Now Elaine went to her ladies-in-waiting and she asked them had they ever in their lives heard the name Guinevere, and they all said surely it was the name of King Arthur’s queen.

“Indeed it is,” said the fair Elaine, “but is it the name of anyone else as well?”

But they none of them had heard of anybody else with that name in all the world, and they all believed it unique unto that noted queen (which it was, unlike Elaine, the name of this princess and also the dead maid of Astolat and the third half-sister of King Arthur, who was a good woman and did keep to her wifely duties and was never heard from in an ill way).

Therefore Princess Elaine returned to the sick knight, and to him she asked, “And what of Guinevere?”

And Sir Launcelot, who was not yet awake and in his right mind, said, “Alas! She is loved criminally by Launcelot.”

And Elaine was therefore the first noble person to know of this illegal love (though it was well known to the base). But at this time she still did not know who this knight might be, for it was possible that he was a man so shocked by knowing of the love between Guinevere and Launcelot that he spake of it in his sleep-of-illness, for he looked to be a knight of the most austere virtue and when he spake the name of the queen he did not do so in tenderness.

And when he finally came to full consciousness in the succeeding days Sir Launcelot did not tell to Princess Elaine his true name, for he was full of shame when he learned of how he had been found and brought to the castle, and he called himself Sansloy. And when he talked with Elaine it was of piety. And therefore she did not believe that he was Sir Launcelot, and she did not wish to believe it, for she wanted his love for herself.
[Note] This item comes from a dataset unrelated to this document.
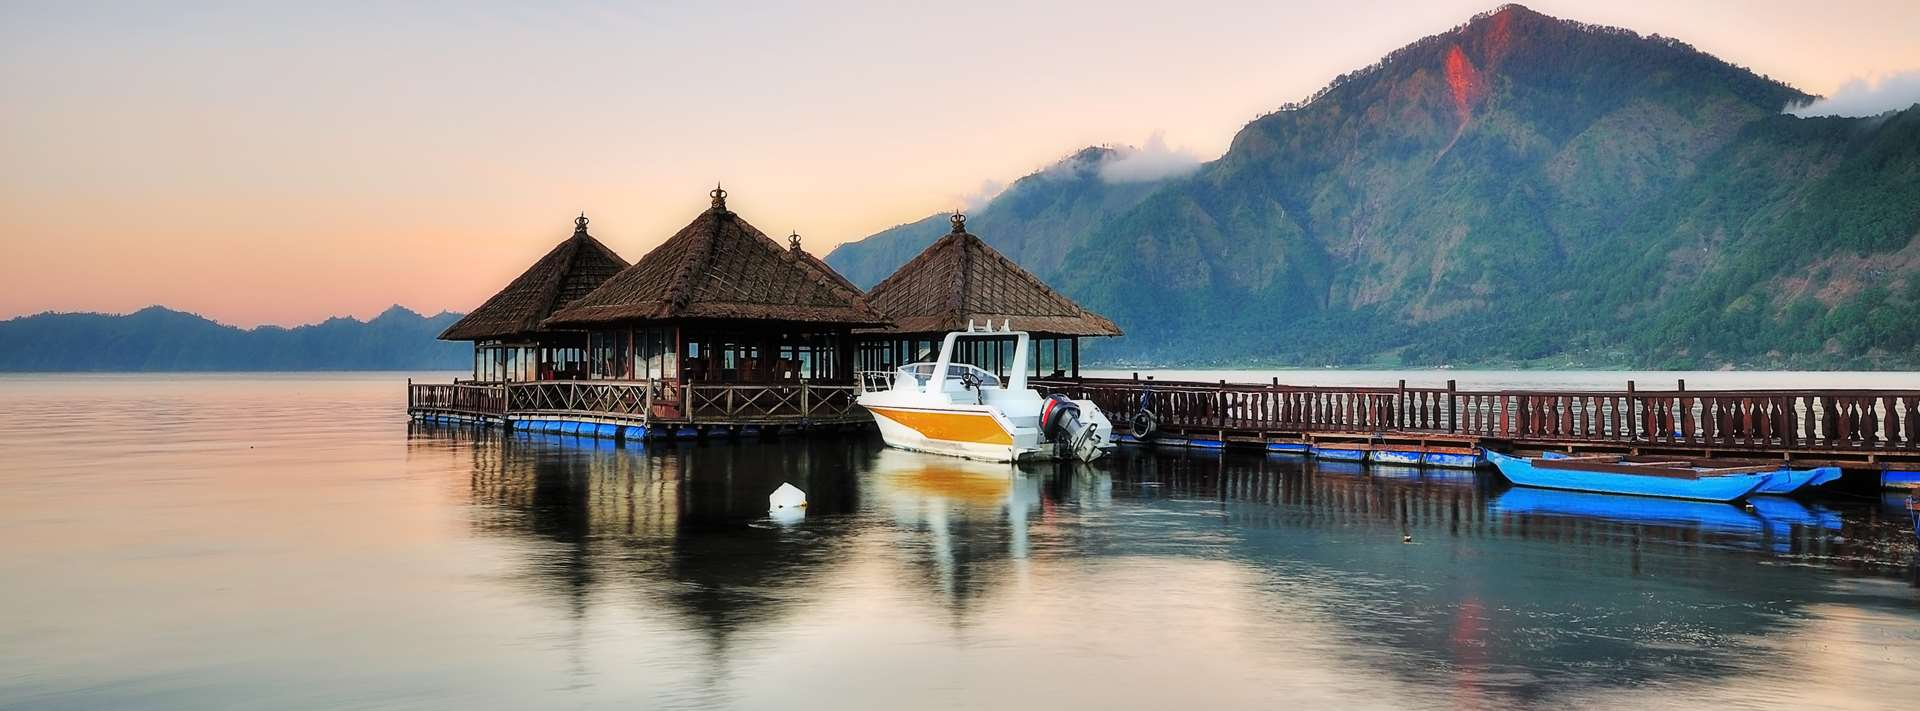 Cheap Flight To Bali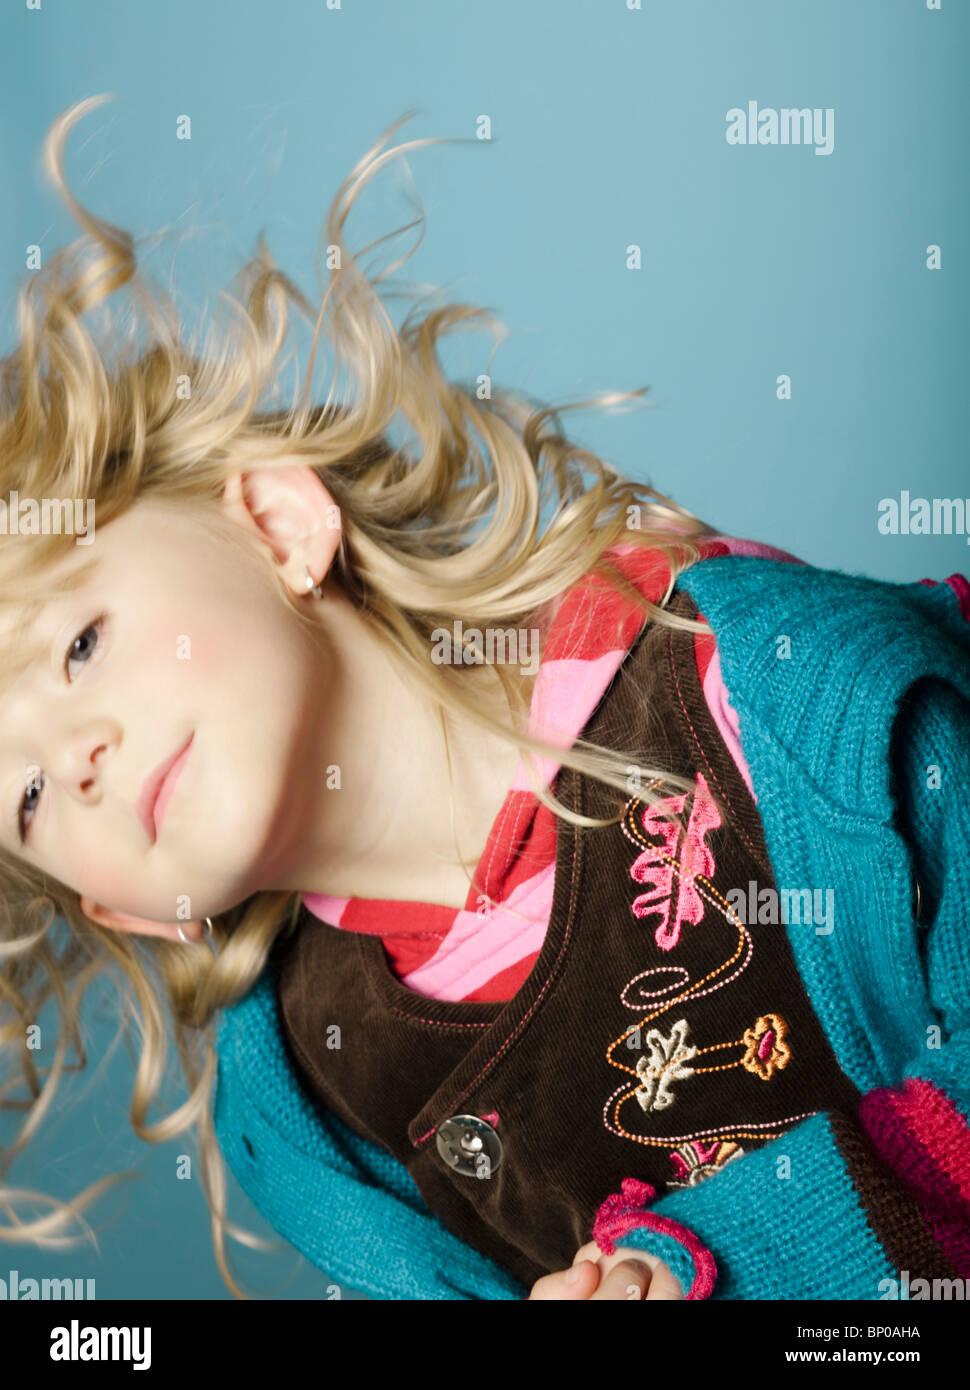 Little girl moving her head - Stock Image

But it was again as it had been with the maid of Astolat (and as it would have been with any other woman named Elaine or indeed anyone else except Guinevere), for Launcelot had no interest in her as a woman, whilst her love for him grew ever stronger. And he returned her look of adoration with but distant kindliness, and she had the feeling that if she replaced herself at his bedside with any of her ladies-in-waiting Sir Launcelot would not have noticed the change.

And when at length he was fully cured he asked to see King Pelles, to thank him for his hospitality, and Elaine took him to the room where the king used a bed as his throne, for he had been maimed for many years and never could walk.

“Royal Pelles,” said Sir Launcelot to this maimed king, “I thank you for the care I have been given at your castle. Obviously you are a king of great worship.”

“Well,” said King Pelles from his bed, “as decent folk we offer succor to any man of virtue in distress, but never have I seen such a fine-looking knight as thee! Methinks thou art of King Arthur’s Round Table. And what is thy name?”

“Sansloy,” said Sir Launcelot.

“And dost have a question for me, Sir Sansloy?” asked King Pelles, and shifting his position slightly on the bed he did wince painfully, for his old wound had never healed.

“I do, Majesty,” said Launcelot. “I would know the names of the maids who attended me, so that I might reward them when my circumstances have improved. At the moment I have nought, having even lost mine armor and my weapons, and the clothes I wear were given me here.”

Now King Pelles did look unhappy for a moment. “Alas!” said he, “’tis not the question that would cure me, I fear. But thine is easy enough to answer: these maids which to thee in thy delirium have seemed many, are in truth but one, and she is my daughter the princess Elaine.”

Now it can be imagined how disappointed was Elaine to hear that this knight had never distinguished her as being unique, when she loved him with all her heart. But this Elaine was of quite another character than the poor maid of Astolat (perhaps because she was a princess), and she determined to make her mark upon Sir Sansloy, though as yet she did not know how.